In Levinson's biography we quote the first paragraph of the Preface of these volumes. Here we gave an even fuller quote from the Preface:- |
Levinson's papers are typically tightly crafted and masterpieces of brevity and clarity. It is our hope that the publication of these selected papers will bring his mathematical ideas to the attention of the larger mathematical community.
In these two volumes, Levinson's papers are grouped by themes, rather than chronologically. Approximately one half of Levinson's work was devoted to differential and integral equations, and Volume 1 is devoted to papers in these areas arranged by topics in seven chapters. The complete lists of his publications and of his 34 Ph.D. students begin on p. xxvii of Volume 1. Volume 2 presents papers in harmonic, complex and stochastic analysis, and in number theory arranged in four major themes. Finally, Chapter XII of Volume 2 is devoted to papers on miscellaneous topics that point to the enormous breadth of Levinson's interests. Commentaries on most of Levinson's principal contributions by researchers active in each topic introduce the twelve chapters.
Although not reproduced in these volumes, two of Levinson's four books have become classics: The AMS Colloquium Publication Gap and density theorems, Amer. Math. Soc., New York, 1940, originally published in 1940 and still in print, subsumes much of Levinson's brilliant early research in harmonic and complex analysis.

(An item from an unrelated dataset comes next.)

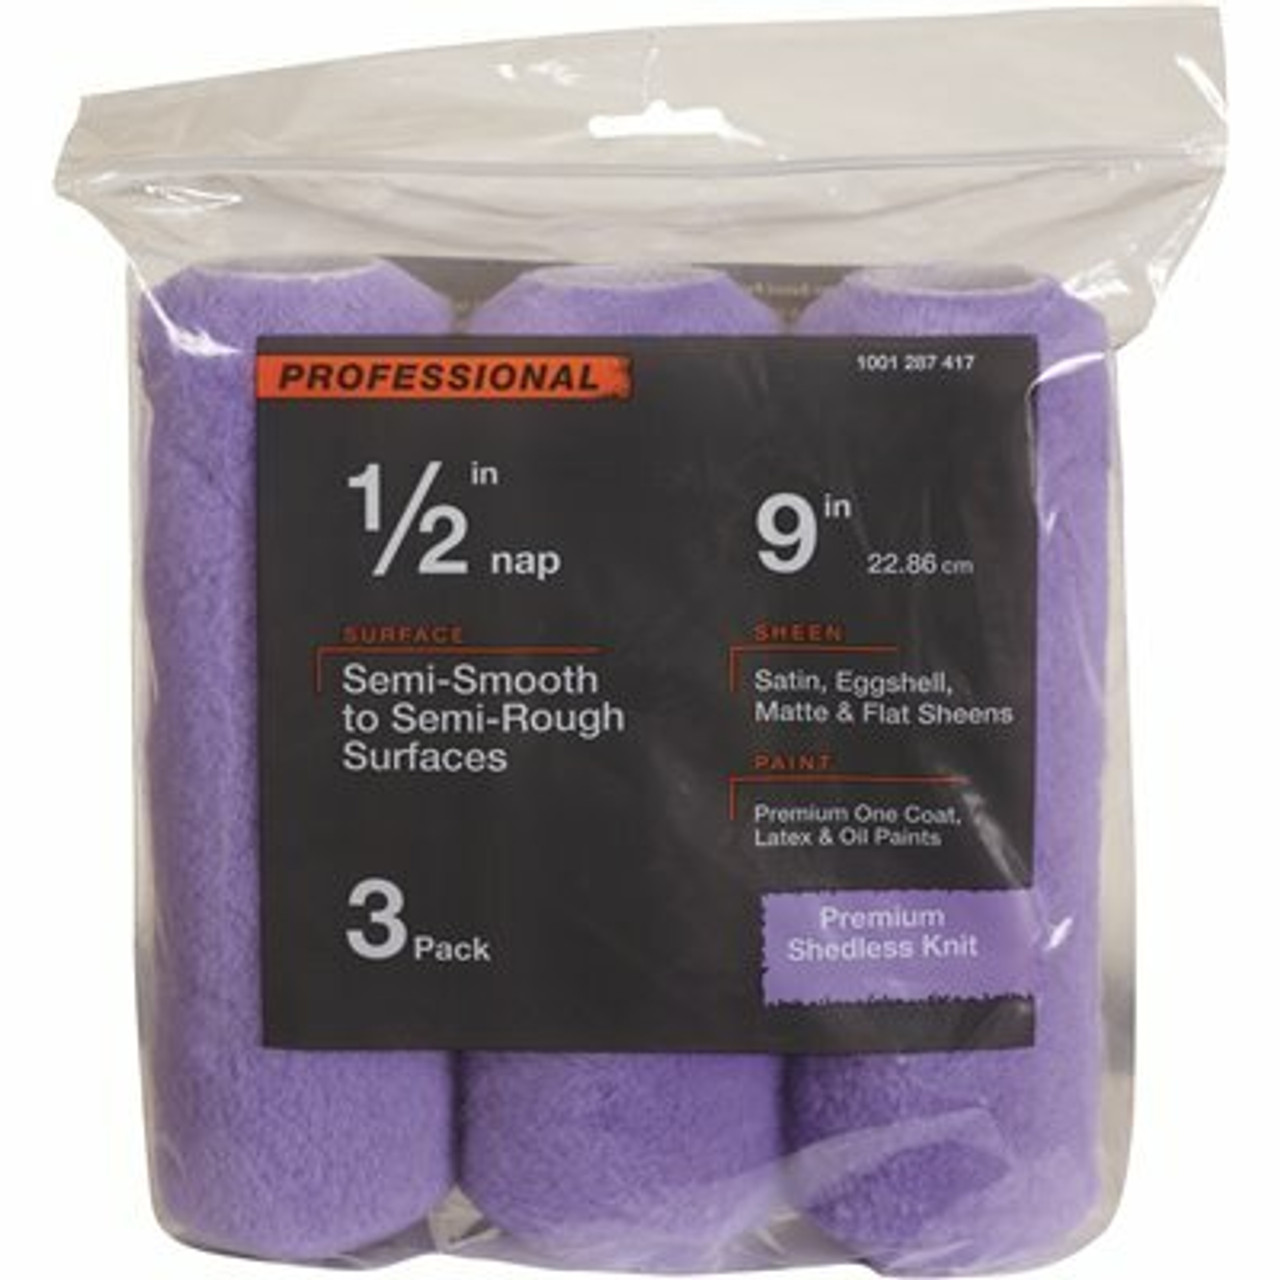 9 In. X 1/2 In. High-Capacity Polyester Knit Paint Roller Cover (3-Pack)
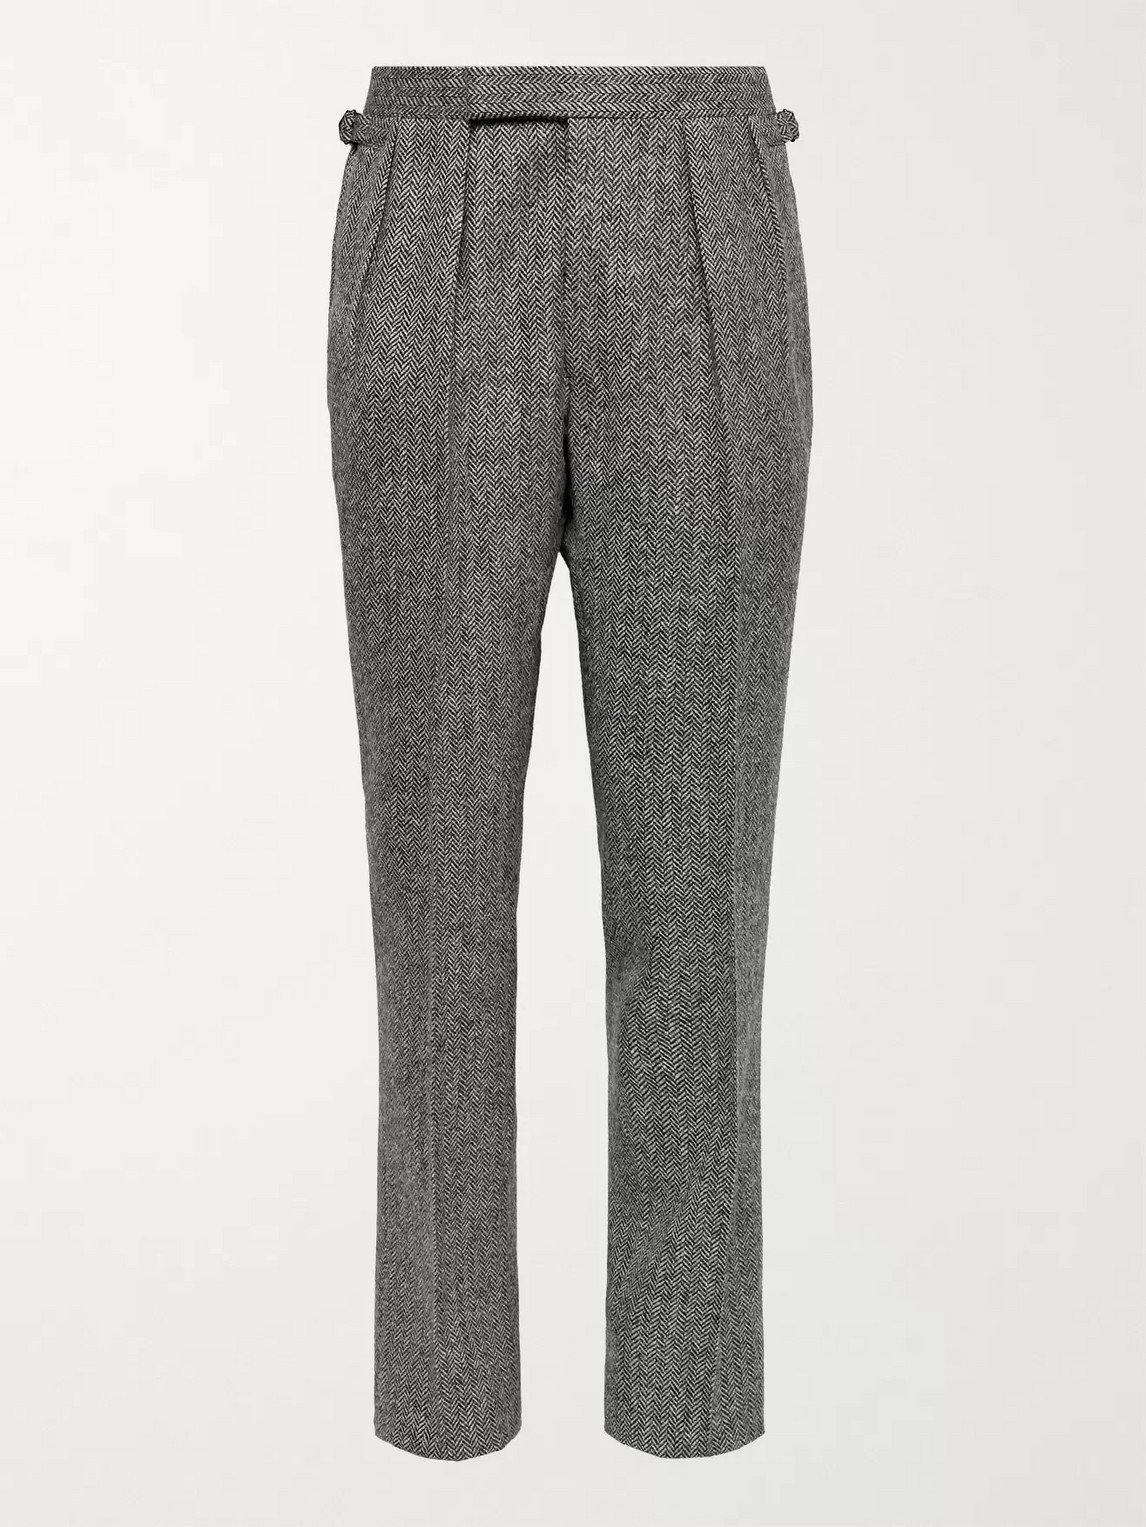 Aimé Leon Dore Martin Greenfield Slim-fit Pleated Checked Wool Suit Trousers In Gray

The essay by Raymond Redheffer on the continuing impact of this work on current research appears in Chapter VIII. The advanced text on ordinary differential equations Theory of ordinary differential equations, McGraw-Hill Book Company, Inc., New York-Toronto-London, 1955, co-authored with Earl Coddington has literally become the bible for students that helped train several generations of mathematicians, scientists and engineers since it was published in 1955.